On March 11, 2008, Ethanex Energy, Inc, a Nevada corporation (the “Company”), Ethanex Sutherland, LLC,), Ethanex Sutherland Land, LLC, Ethanex Phase I, LLC, Ethanex Phase II, LLC, Ethanex Phase III, LLC, and Midwest Renewable Energy, LLC, a Nebraska limited liability company (“Seller”), entered into an amendment with an effective date as of March 10, 2008 (the “Amendment”) to the Asset Purchase Agreement (the “Purchase Agreement”), dated February 10, 2008.

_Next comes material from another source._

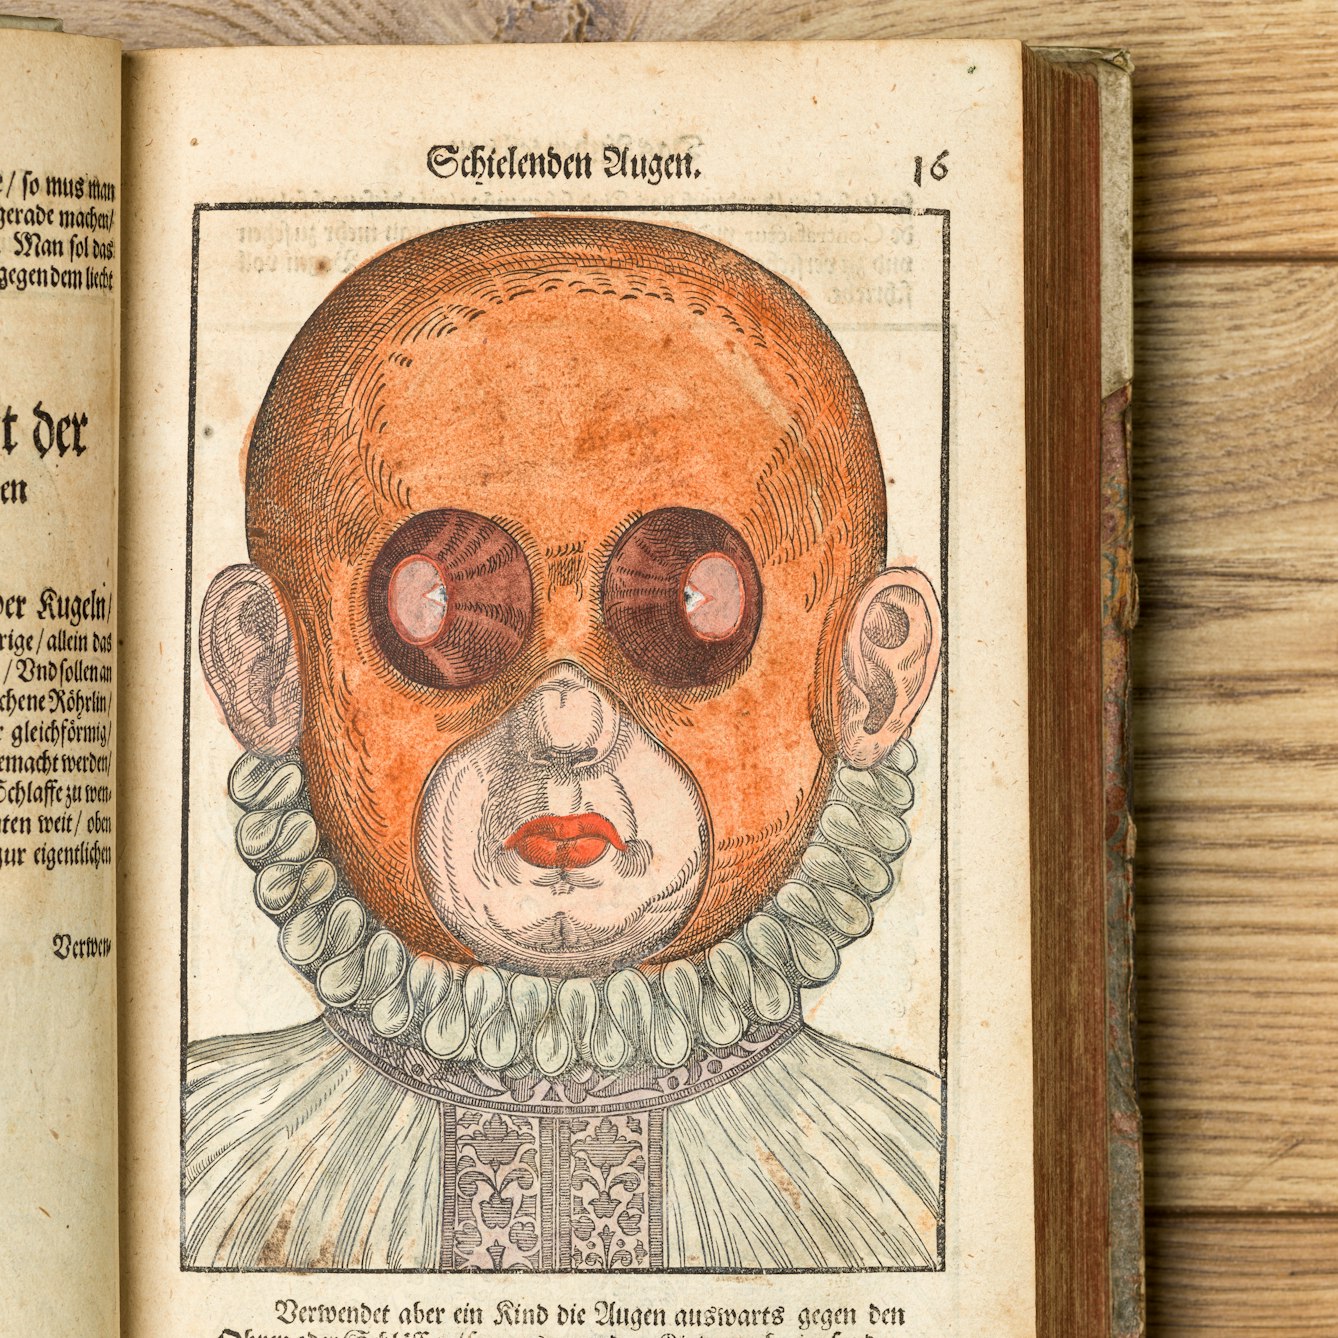 Photograph of an open book on a wooden background, showing a page with a coloured engraving from the 16th century depicting a person's head and neck ruff. On their head is a red mask which has small holes exposing the outside edges of their eyes and larger holes exposing their ears, nose and mouth.

The Amendment amends Section 12(a)(viii) of the Purchase Agreement, effective as of March 10, 2008, to extend a certain termination period for either the Company or Seller to terminate the Purchase Agreement. Prior to the amendment to the Purchase Agreement, either party had a right under Section 12(a)(viii) to terminate the Purchase Agreement on or before March 10, 2008 if the Company did not obtain at least $1.5 million in bridge financing by March 5, 2008. Pursuant to the Amendment, the parties have agreed to extend this termination right until March 31, 2008. Because the Company did not obtain interim financing by March 5, the Agreement remains terminable by either party until March 31, 2008. The foregoing description of the Amendment does not purport to be complete and is qualified in its entirety by reference to the full text of the Amendment, which is filed as Exhibit 10.1 to this Current Report on Form 8-K and incorporated into this report by reference.

Item 8.01 Other Events


In Item 8.01 of the Company’s Current Report on Form 8-K filed on February 14, 2008, the Company disclosed that if it was unable to obtain interim financing by March 5, 2008, it anticipated that it would be unable to proceed with the acquisitions described in the Purchase Agreement, would need to cease operations and would be required to file for bankruptcy protection. As of March 10, 2008, the Company had not, and as the date of this Current Report on 8-K the Company has not, obtained interim financing. The Company is continuing to seek such interim financing, although there is no assurance that any such financing will be available on reasonable terms or at all. The Company also is in regular communication with the Seller about the transactions contemplated by the Purchase Agreement. Although the Company is seeking to minimize its expenditures while it continues to pursue both interim financing and the transactions contemplated by the Purchase Agreement, it may be required to seek bankruptcy protection at any time over the next few weeks.

Item 9.01 Financial Statements and Exhibits


(d) Exhibits

10.1 Amendment to Asset Purchase Agreement, dated March 11, 2008, by and among Ethanex Energy, Inc., Ethanex Sutherland, LLC, Ethanex Phase I, LLC, Ethanex Phase II, LLC, Ethanex Phase III, LLC, Ethanex Sutherland Land, LLC, and Midwest Renewable Energy, LLC.